Na sua configuração do apache, idealmente no arquivo de configuração sites- *, adicione:

<Directory /path/to/the/directory/you/are/protecting/>
      AllowOverride AuthConfig
</Directory>

A diretiva AllowOverride é o que permite o acesso à htaccess arquivo para funcionar. Por padrão, a maioria das configurações do Apache está desativada (definida como None ), incluindo o Ubuntu / Debian.

No seu arquivo .htpasswd , a senha deve ser criptografada. Você pode fazer isso mais facilmente usando a ferramenta htpasswd que o mezgani sugeriu. Será assim se você ler o arquivo:

bob:abJnggxhB/yWI

Com a diretiva AllowOverride definida para pelo menos AuthConfig , seu arquivo .htaccess no lugar e seu .htpasswd contendo um usuário com uma senha criptografada, você deve ser bom para ir.
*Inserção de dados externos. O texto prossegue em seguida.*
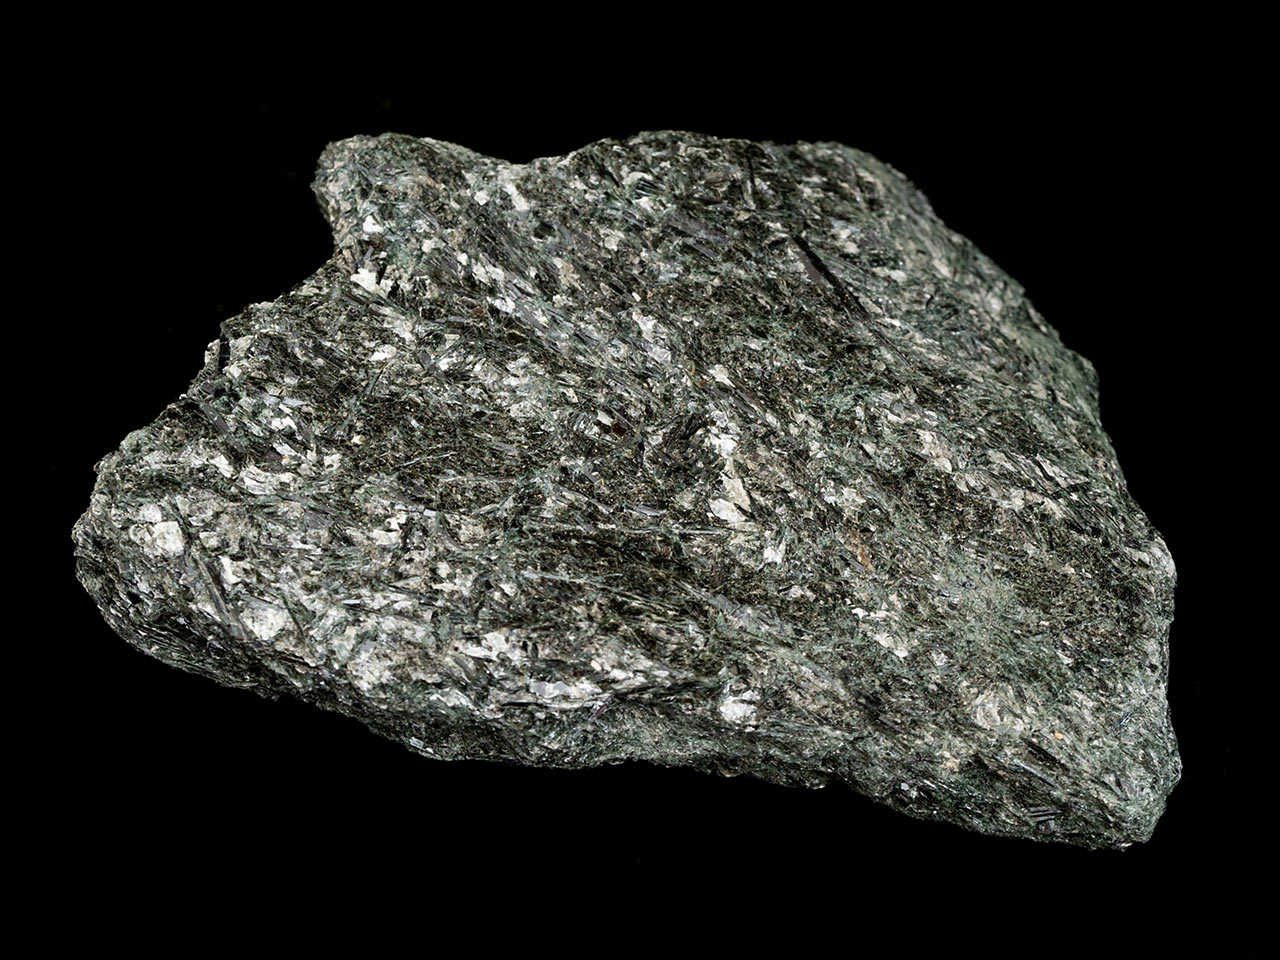 Alpine actinolite schist with dark green needle shaped crystals of actinolite from Habachtal, Austria

Primeiro, adicione isto seguindo a configuração do seu apache:

<Directory /path/to/the/directory/you/are/protecting/>
        AllowOverride AuthConfig
        Options Indexes MultiViews FollowSymLinks
        deny from all
        Order deny,allow
</Directory>

Depois, você pode criar o arquivo .htpasswd que conterá seu login e senha com o comando htpasswd e não manualmente

htpasswd -c /path/to/the/directory/you/are/protecting/.htpasswd username

Além disso, por motivos de segurança, leia este artigo em securityfocus

No Snow Leopard (OS X 10.6), a alteração do AllowOverride no httpd.conf permite apenas a proteção do .htaccess nas principais páginas da Web (/ Library / WebServer por padrão). A ativação para pastas de ~ / Sites de usuários individuais é controlada por um arquivo .conf separado para cada usuário. Nos meus sistemas, isso está em / etc / apache / users. A referência de Jeff Snider a "nos sites- *" pode ser onde os arquivos das páginas dos usuários individuais são configurados em seu sistema.